◆ WORK ITEM ◆
Everything in the listing must be repeated exactly, apart from the images.

◆ DATA SEGMENT ◆
=-=-=
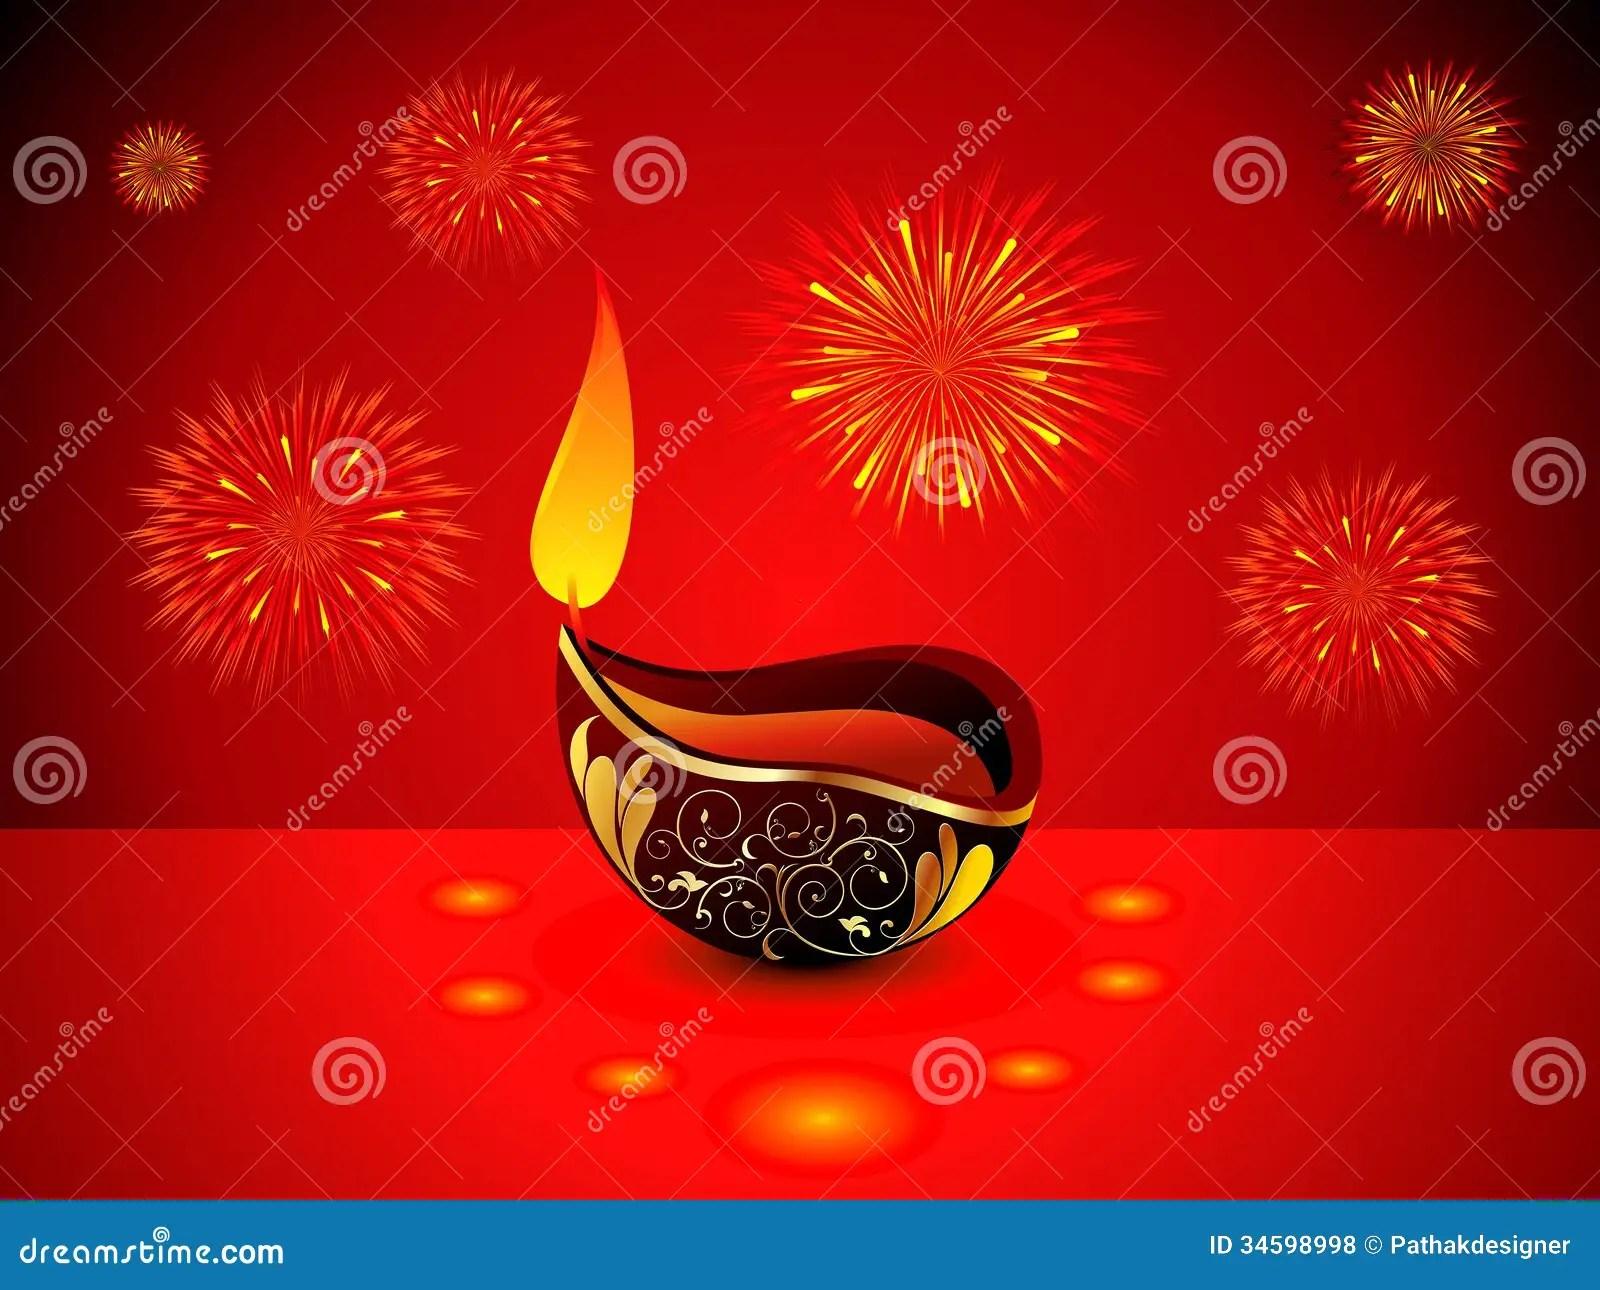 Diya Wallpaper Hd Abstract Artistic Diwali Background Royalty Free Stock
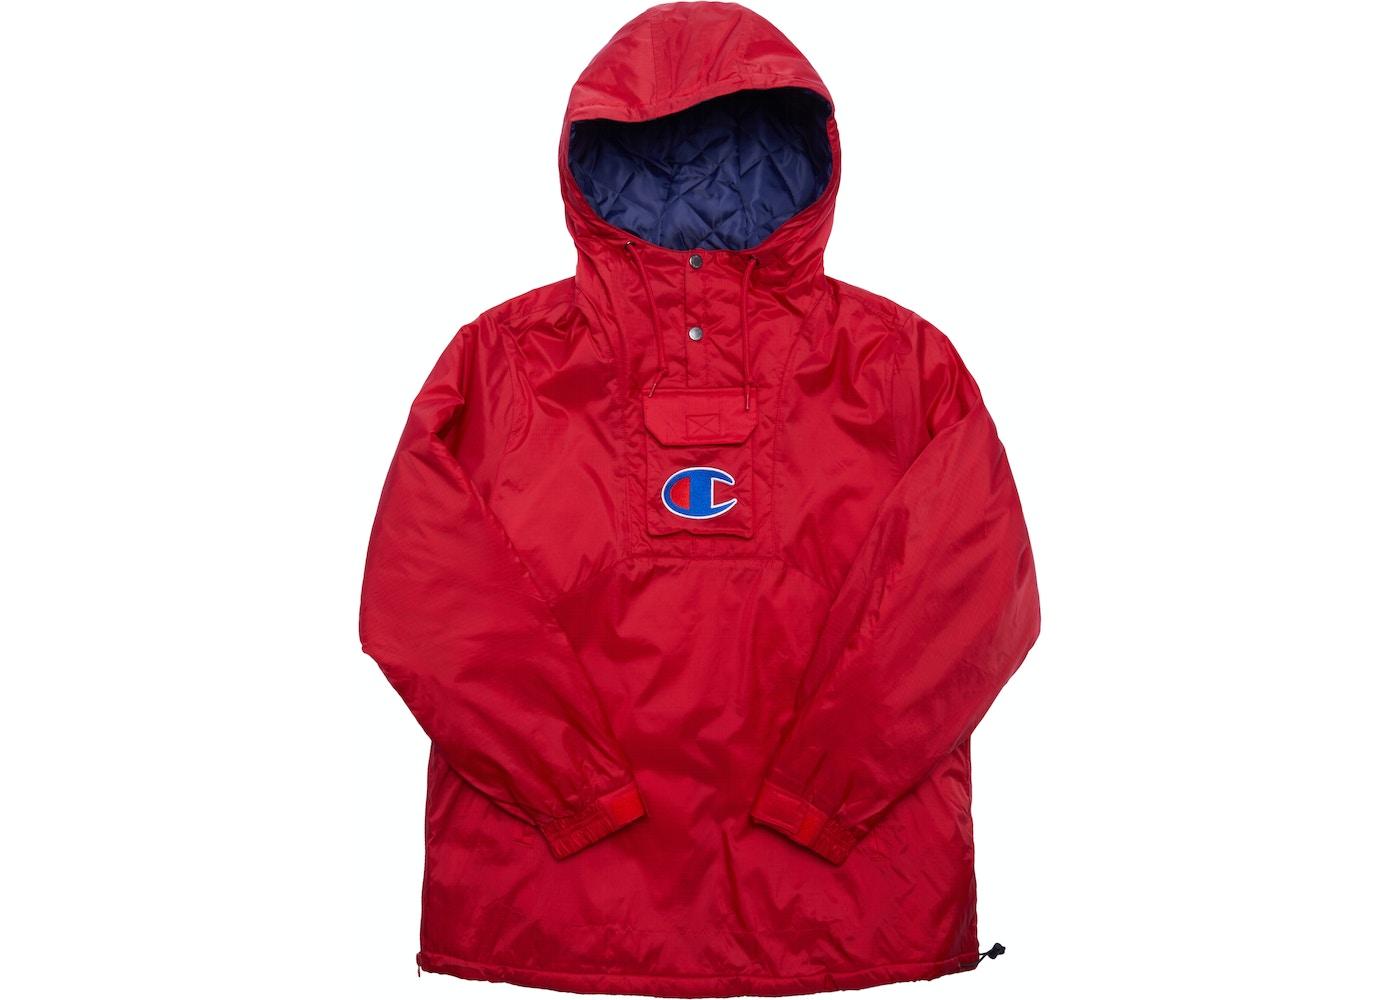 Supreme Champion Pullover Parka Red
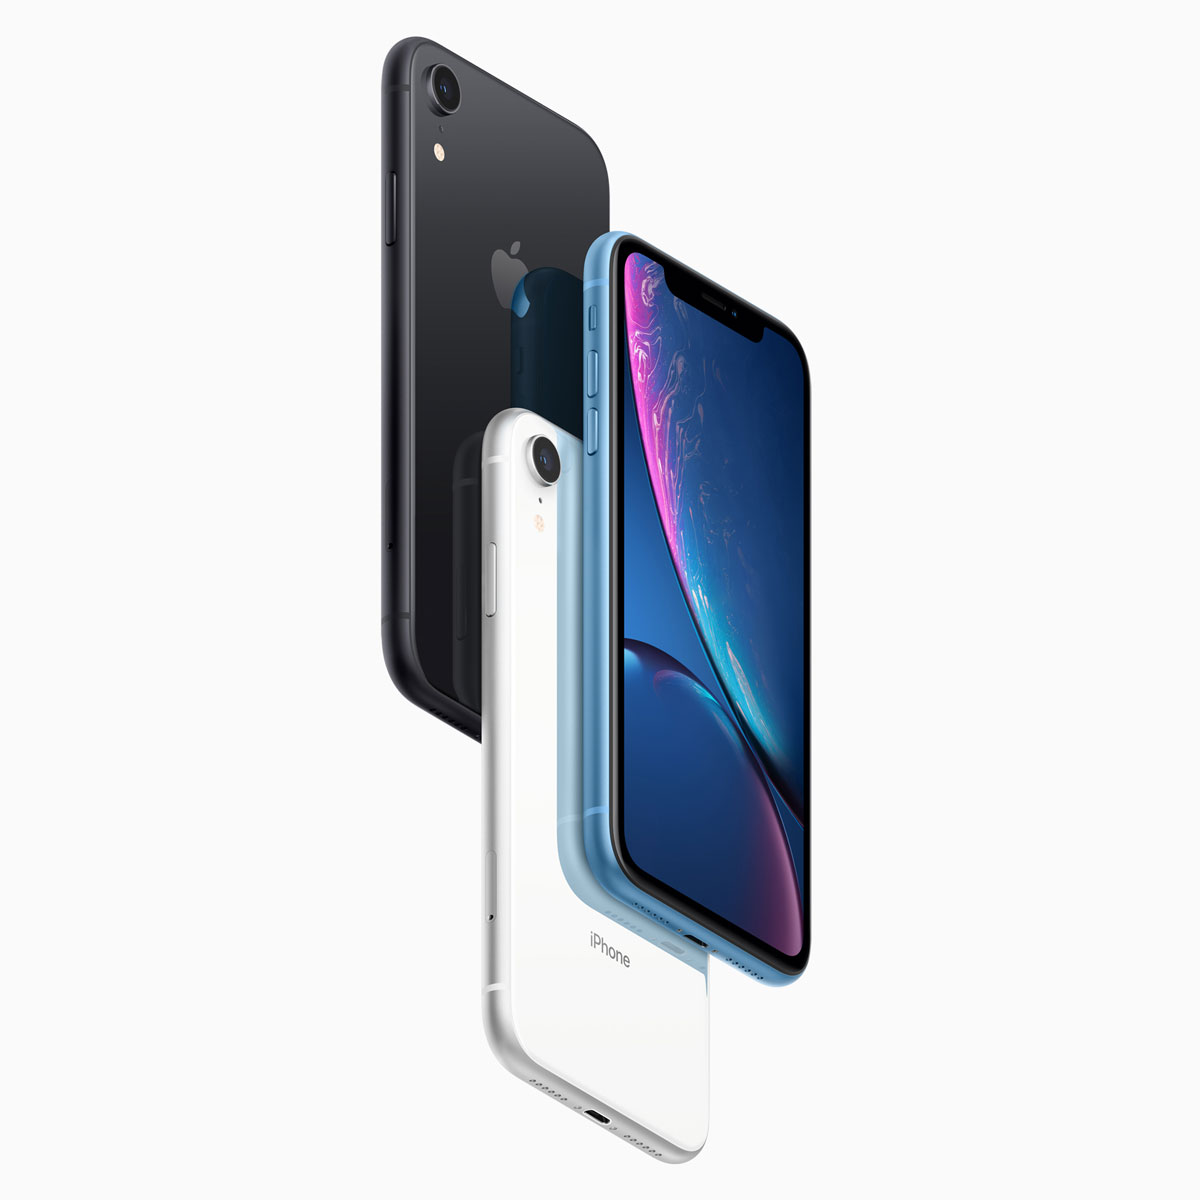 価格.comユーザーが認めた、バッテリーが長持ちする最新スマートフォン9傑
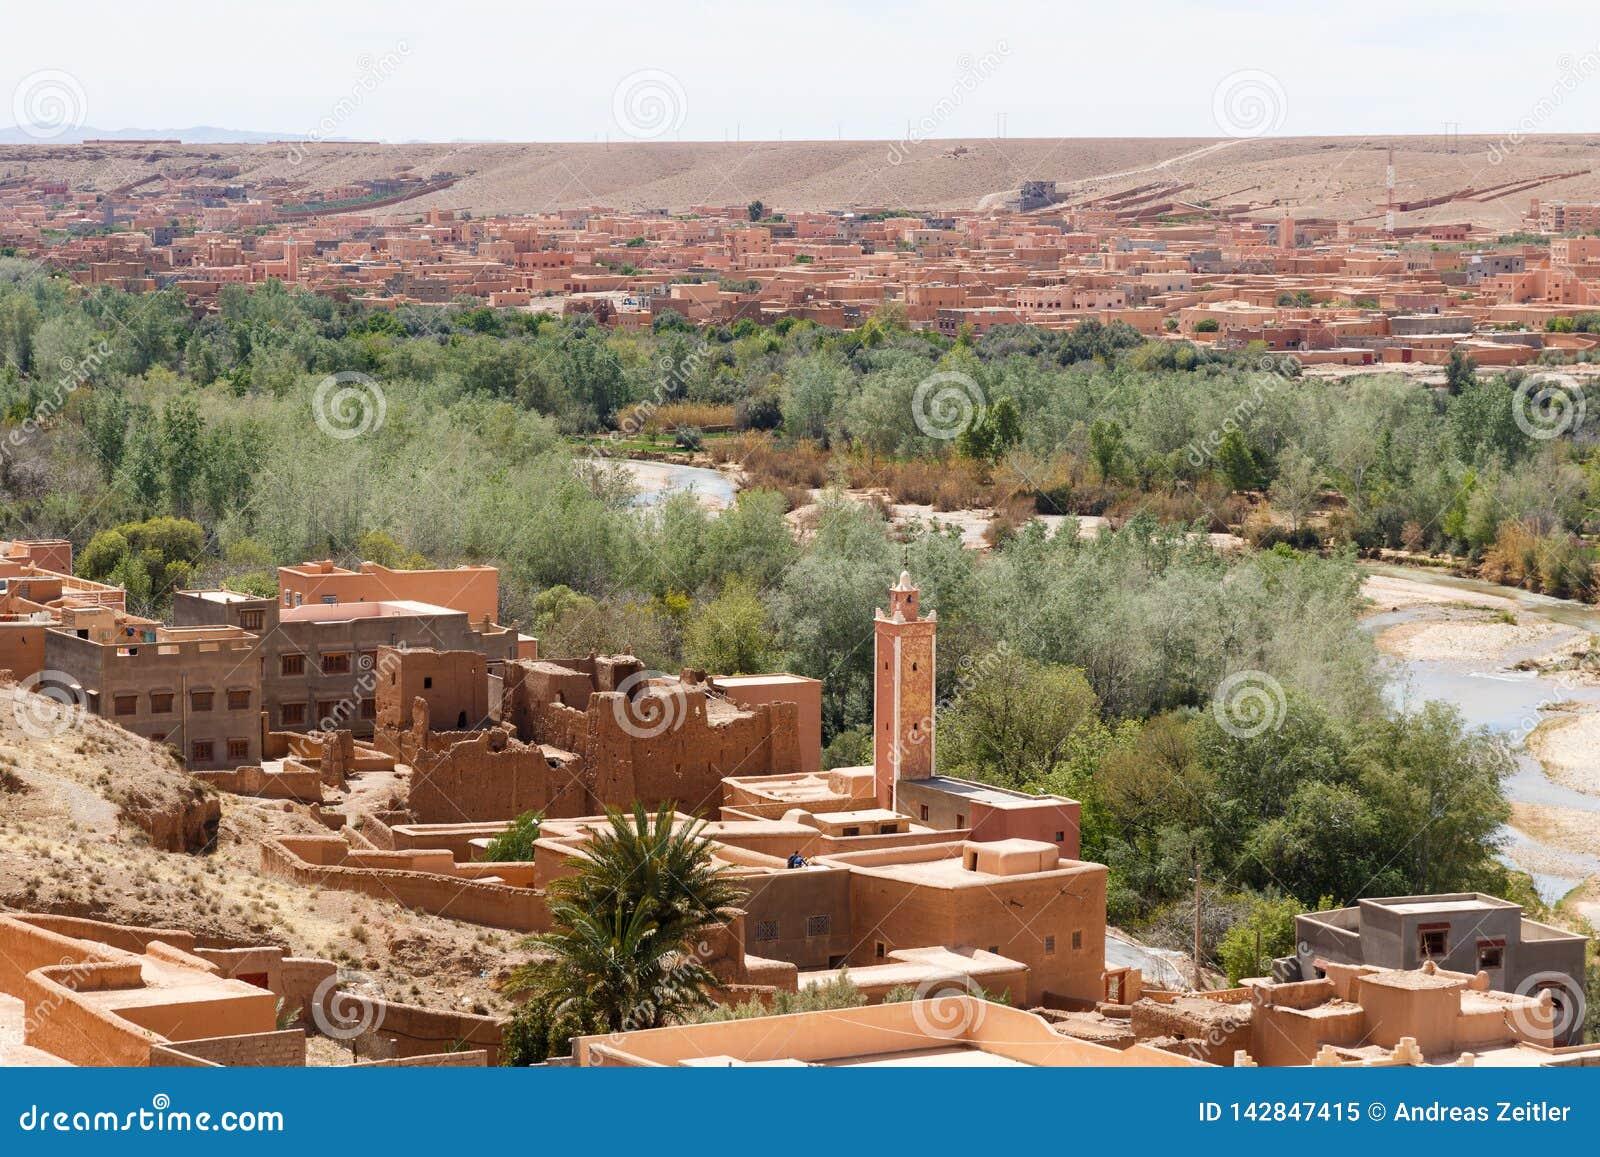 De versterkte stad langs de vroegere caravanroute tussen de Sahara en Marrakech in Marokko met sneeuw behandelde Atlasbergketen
=-=-=
◆ RESPONSE TO THE TASK ◆
 Diya Wallpaper Hd Abstract Artistic Diwali Background Royalty Free Stock
 Supreme Champion Pullover Parka Red
 価格.comユーザーが認めた、バッテリーが長持ちする最新スマートフォン9傑
 De versterkte stad langs de vroegere caravanroute tussen de Sahara en Marrakech in Marokko met sneeuw behandelde Atlasbergketen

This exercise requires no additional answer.